In terms of a Combined Joint Expeditionary Force, the summit acknowledged a decision to “develop a Combined Joint Expeditionary Force suitable for a wide range of scenarios, up to and including high intensity operations. It will involve all three Services: there will be a land component comprised of formations at national brigade level, maritime and air components with their associated Headquarters, and logistics and support functions. It will not involve standing forces but will be available at notice for bilateral, NATO, European Union, United Nations or other operations. We will begin with combined air and land exercises during 2011 and will develop the concept before the next UK-France Summit and progress towards full capability in subsequent years. The Force will stimulate greater interoperability and coherence in military doctrine, training and equipment requirements.”

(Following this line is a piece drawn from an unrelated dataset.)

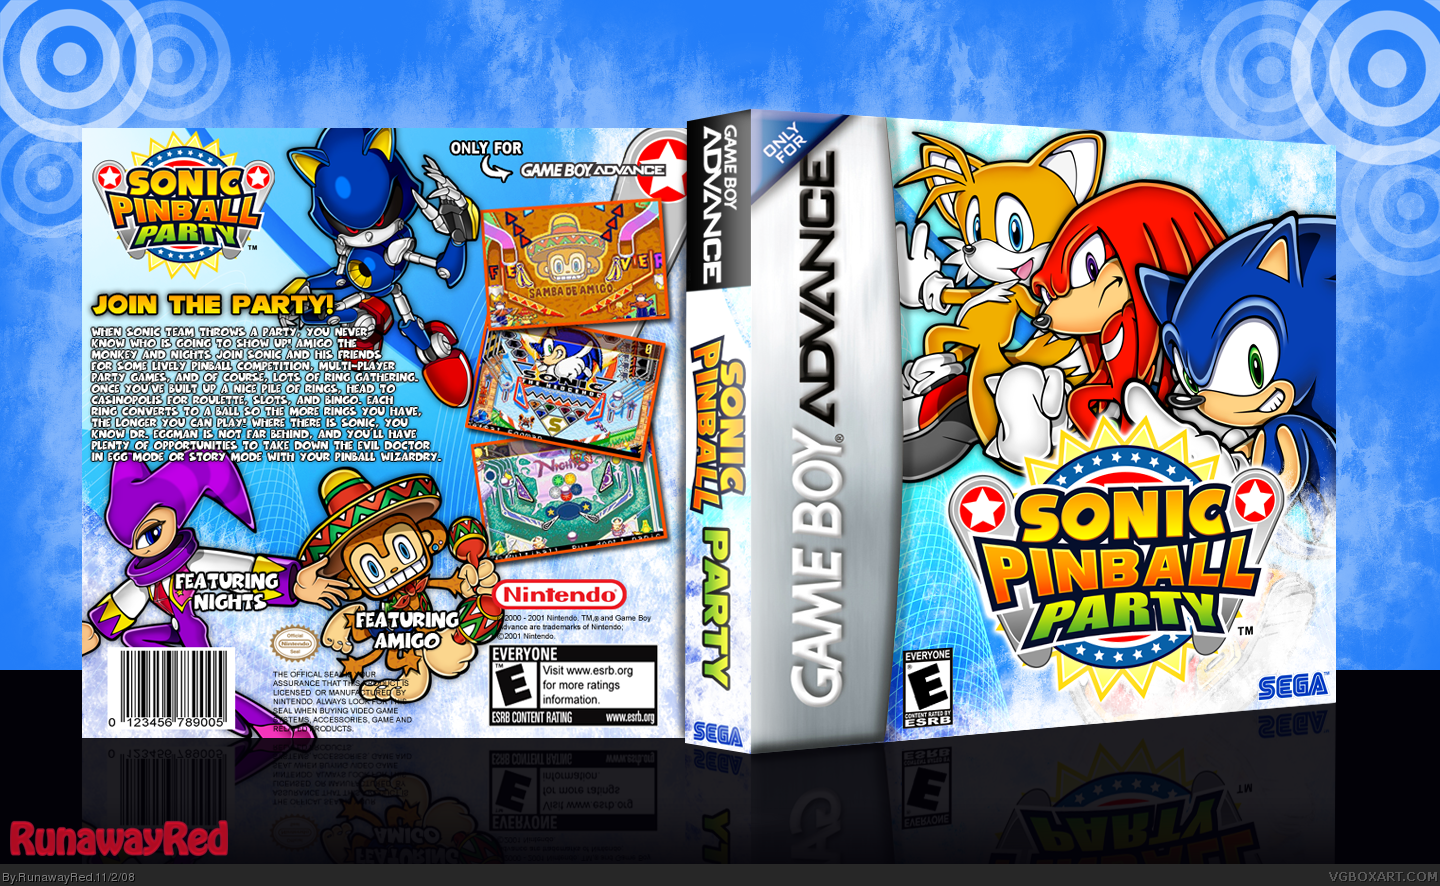 Sonic Pinball Party box cover

In another example with application to both land forces and joint forces, unmanned air systems were highlighted as “hav[ing] become essential to our armed forces. We have agreed to work together on the next generation of Medium Altitude Long Endurance Unmanned Air Surveillance Systems. Co-operation will enable the potential sharing of development, support and training costs, and ensure that our forces can work together. We will launch a jointly funded, competitive assessment phase in 2011, with a view to new equipment delivery between 2015 and 2020.”
And, as in many other instances around the world, the threat of cyber attacks were acknowledged as “an increasing challenge for the security of government and critical national infrastructure, especially at times of conflict. …”
Indicative of continuing trends in these and other arenas, the summit statement concluded, “We have instructed the Senior Level Group, which will be set up under the terms of the new Treaty for Defence and Security Co-operation, to oversee work in all of these areas and to report back to us at our next Summit to be held in France in 2011.”
This article first appeared in The Year in Defense: Review Edition, Winter 2011.